Is there something you'd like to Cher with us coriander?


----------



## Paquito (Mar 24, 2011)

WillSpark said:


> Is there something you'd like to Cher with us coriander?


----------



## Blackjack (Mar 24, 2011)

Paquito said:


>



Perfectly expresses my reaction.


----------



## coriander (Mar 24, 2011)

CastingPearls said:


> Not only do I believe in life after love, I believe in love after love.



Good answer - I concur! ^_^



WillSpark said:


> Is there something you'd like to Cher with us coriander?



Oh man, that's so bad it's good.  If only I could rep you, dammit!


----------



## russianrobot (Mar 25, 2011)

coriander said:


> Do you believe in life after love? :batting:





russianrobot said:


> No..No...I don't because, I can feel something inside me say
> I really don't think you're strong enough coriander sorry





Sasquatch! said:


> Woah woah woah, check the aggro at the door, dude.



she asked

Do you believe in life after love?

the next verse of the song is

because, I can feel something inside me say
I really don't think you're strong enough

the No..No...I don't & coriander sorry  were my lame attempt at humor.


no aggro, just you your misinterpretation dude (but I think with one more _whoa_ you could have sufficiently stopped a horse)


----------



## LalaCity (Mar 25, 2011)

Psst... There are _other_ boards on this very site! 
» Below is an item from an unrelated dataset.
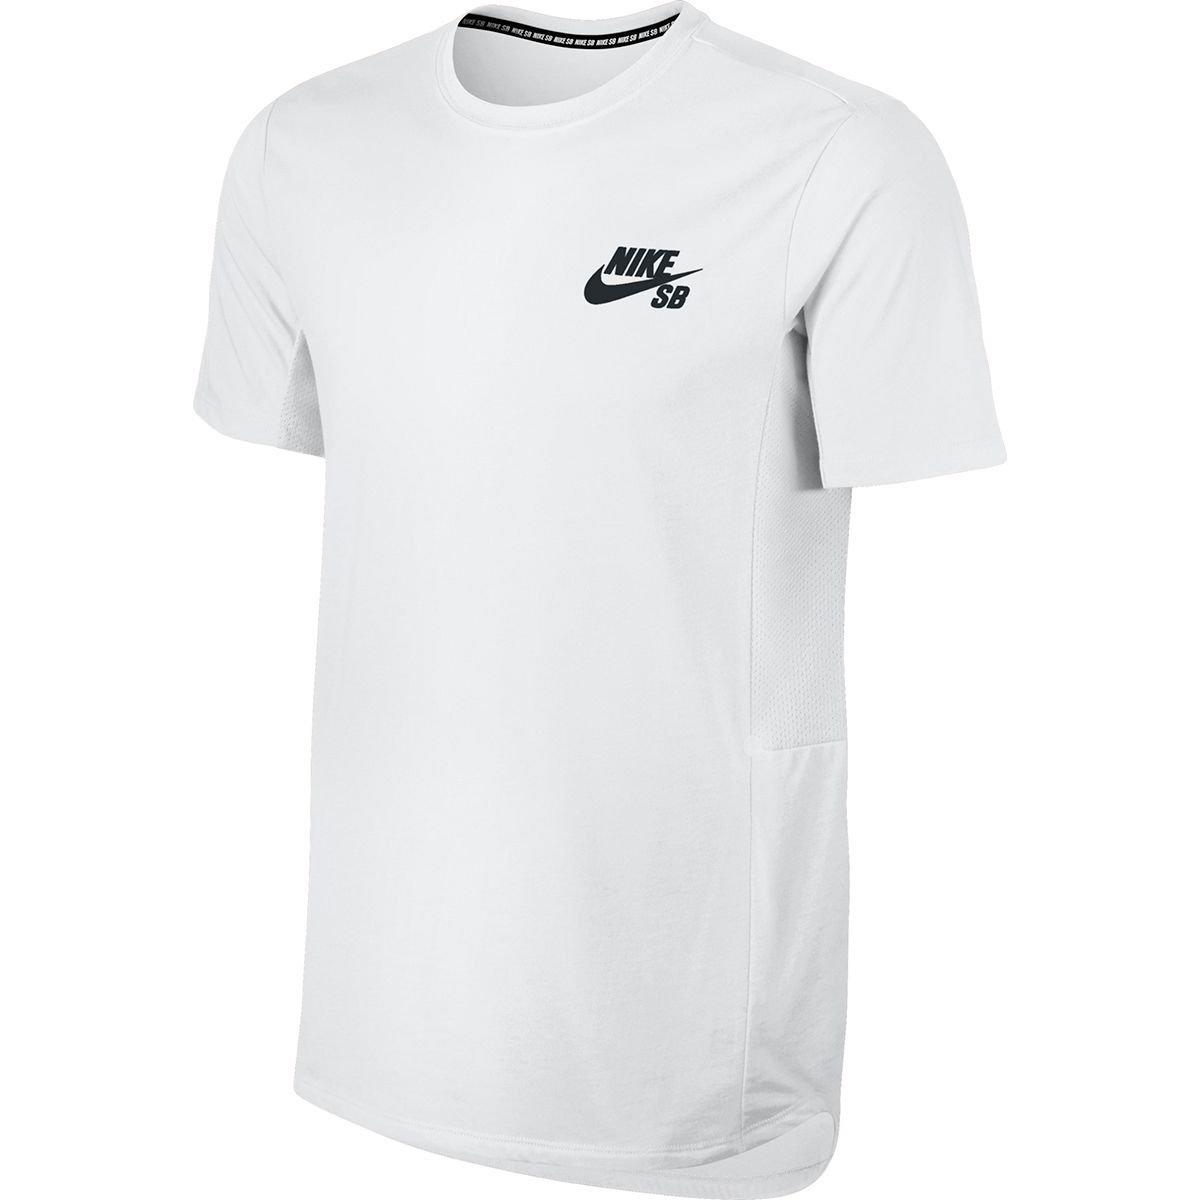 a5894a426 Amazon.com: Nike Mens SB Dry Skyline T-Shirt White/Black (Small): Sports &  Outdoors
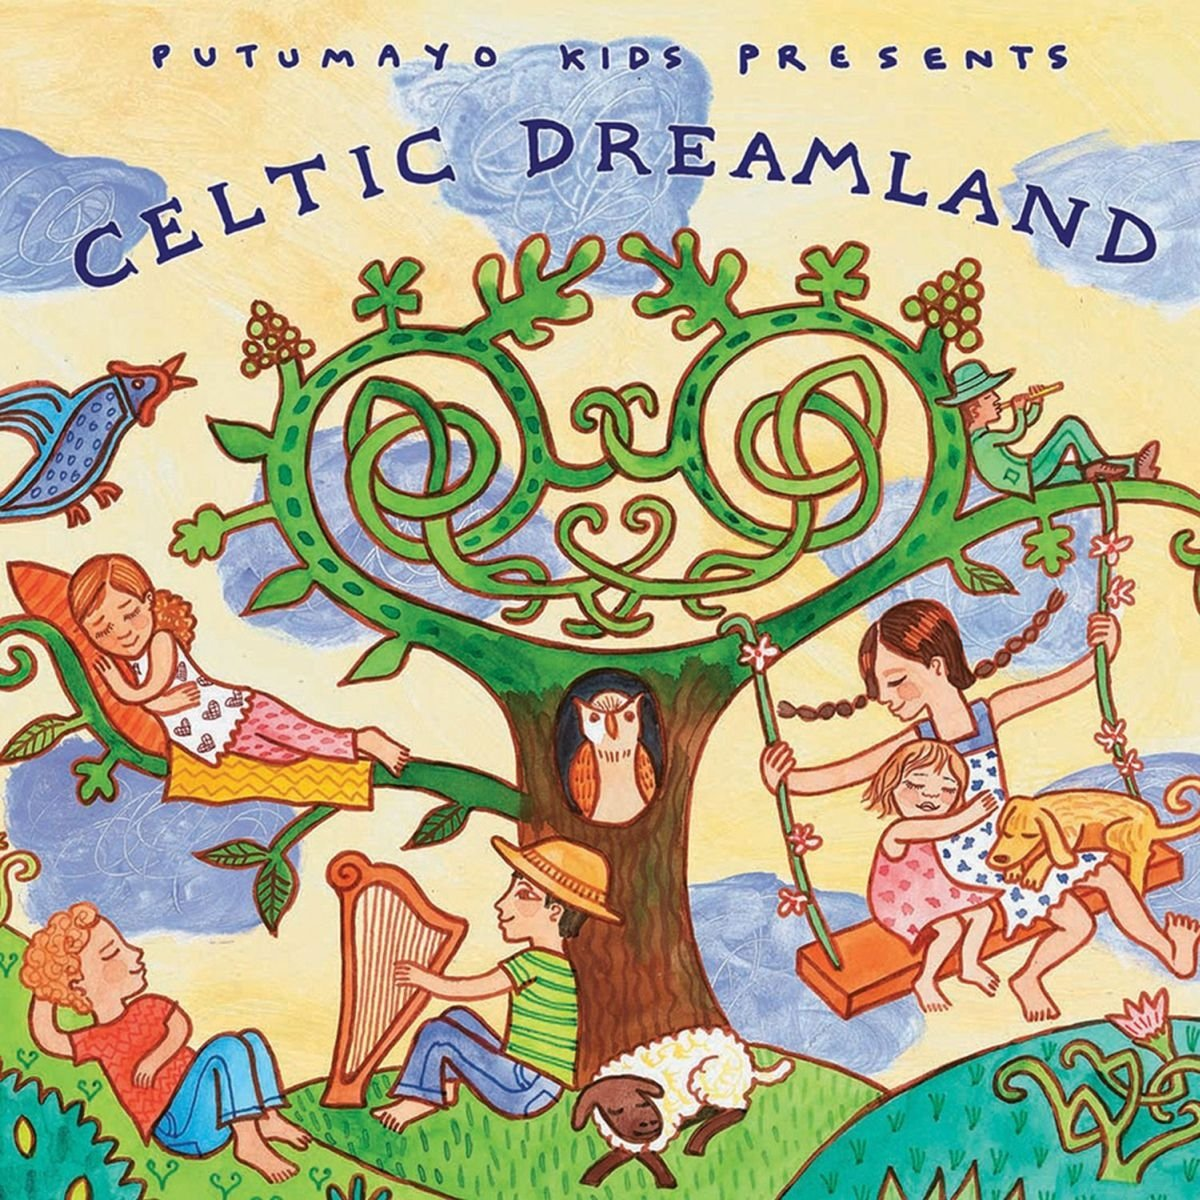 Putumayo Kids Celtic Dreamland CD

(Some of the people here can even be found on said other boards!)


----------



## Fatgirlfan (Mar 27, 2011)

Have you noticed that so called romantic comedies all involve the bullshit contrived exploits of upper middle class white people??
WTF


----------



## Sasquatch! (Mar 27, 2011)

russianrobot said:


> she asked
> 
> Do you believe in life after love?
> 
> ...



1--If anyone needs a horse stopping, I am your man.

2--The angry smiley was a bit misleading.


----------



## coriander (Mar 28, 2011)

Sasquatch! said:


> 1--If anyone needs a horse stopping, I am your man.
> 
> 2--The angry smiley was a bit misleading.



I am with you on both counts.


----------